NSU mathematicians, together with foreign colleagues, investigated the resistance of Google Scholar to manipulation of the Hirsch index

The most famous indicator for evaluating a scientist's productivity in scientometrics is the Hirsch index (h) — the greatest number h such that the scientist has h publications cited at least h times. The Google Scholar Publications and Citation Database allows authors to create thier profile and combine publication records in it. This is done in order to combine records of different versions of the same publication, for example, a preprint and a published article. Merging or splitting records can affect the author's Hirsch index: merging creates a “summary publication” with higher citation, but reduces the number of publications.

Mathematicians from NSU, Australia, Germany, and Poland have shown that it is easy to find a set of operations for combining and splitting publication records that maximizes the Hirsch index. Scientists have also proposed an approach to prevent manipulation with the Hirsch index.

математикирисунок1.png

The team's first work on this topic was published in 2016 in Artificial Intelligence, the flagship magazine on artificial intelligence. In it, the authors showed quick algorithms for finding a set of such joining operations that maximize the Hirsch index in Google Scholar.

Continuing to develop this topic, the researchers published their new findings in the newly created journal Quantitative Science Studies. In a new article, the authors show quick algorithms for finding a set of record splitting operations that maximizes the Hirsch index in Google Scholar. The studies provide data from computational experiments on data from the profiles of young scientists in the field of artificial intelligence (namely, participants in the flagship conference IJCAI and authors from the AI's 10 to watch lists). It is assumed that manipulation of the Hirsch index may be attractive specifically for young scientists for the purpose of employment. Experiments have shown that a significant increase in the Hirsch index in the Google Scholar system can be achieved with just a few operations of combining or splitting publication records.

Vd9r3lkdfMQ.jpg

The body of each candle in the figure shows the median, first and third quartiles for all authors.

One of the authors of the article, head of the Algorithmics Laboratory of the Mathematics and Mechanics Department of NSU, Rene van Bevern, comments:

Our work draws attention to just one of the many possibilities for manipulating the numerical performance of scientists.

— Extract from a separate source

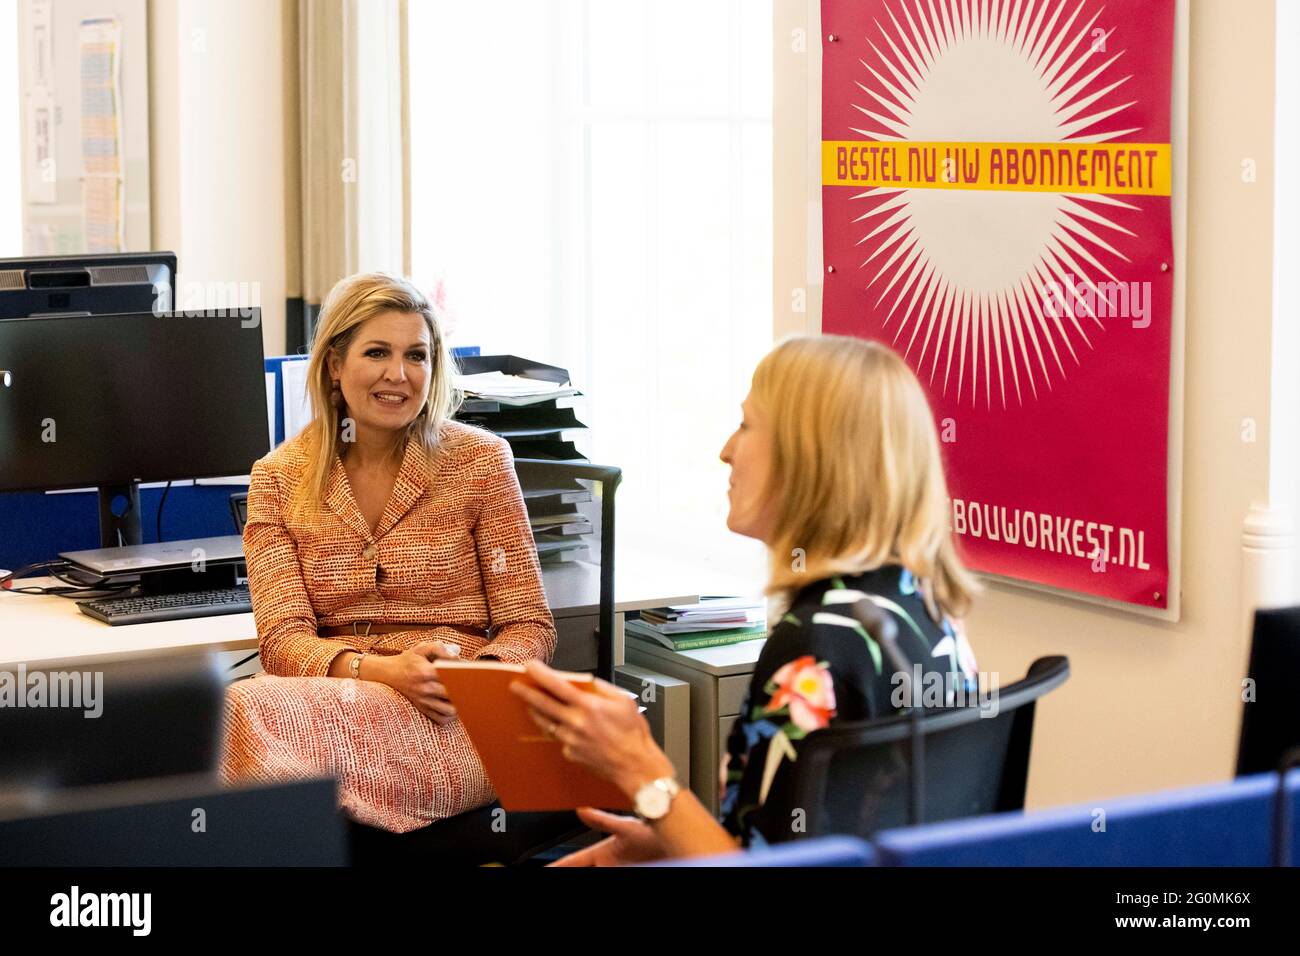 Amsterdam, Niederlande. 02nd June, 2021. Queen Maxima of The Netherlands at the Academie of the Koninklijk Concertgebouworkest in Amsterdam, on June 02, 2021, for a workvisit, talked about the activities during the corona pandemic, the orchestras plans for the future and the various education programs Credit: Albert Nieboer/Netherlands OUT/Point de Vue OUT/dpa/Alamy Live News Stock Photo

Scientometric indicators can be used only as additional means of evaluating researchers, they cannot be presented as mandatory requirements for, for example, participation in competitions for grants or for a position.
Our work is partially provocative. We deliberately published them in journals with high scientometric indicators, so that our results on manipulating scientometric indicators would appear in all reports requiring the fulfillment of scientometric indicators.

The possibility for manipulation, as scientists have found, is provided by the method of counting citations of combined records in the Google Scholar database. In this system, the citations of a combined record is defined as the number of articles that reference at least one of the articles in the combined record. The authors propose another, more obvious way of counting the number of links to combined records, which eliminates the possibility of double citation between pairs of combined records and solves the paradox of links between publications included in a single record. This can be graphically represented as follows.

Математикирисунок3.png

As shown in the right column, by combining publications into one record the manipulator can inadvertently reduce the number of citations of other records. This makes it more difficult to find the set of join/split operations to maximize the Hirsch index. Mathematicians show that in this case, the problem of maximizing the Hirsch index belongs to the class of NP-complete problems for which there are no efficient solution algorithms under the hypothesis P ≠ NP.

Rene van Bevern jokes:

Many works have been devoted to the manipulation of scientometric indicators, including the Hirsch index. There are also many works devoted to identifying such manipulations. No matter what performance indicators are introduced, no matter what the rules of the game are established, the researcher is the researcher for that, in order to immediately begin to study their resistance to manipulation. Such issues are actively addressed in the framework of algorithmic game theory and collective choice theory. Of course, my Hirsch index in Google Scholar is also slightly embellished.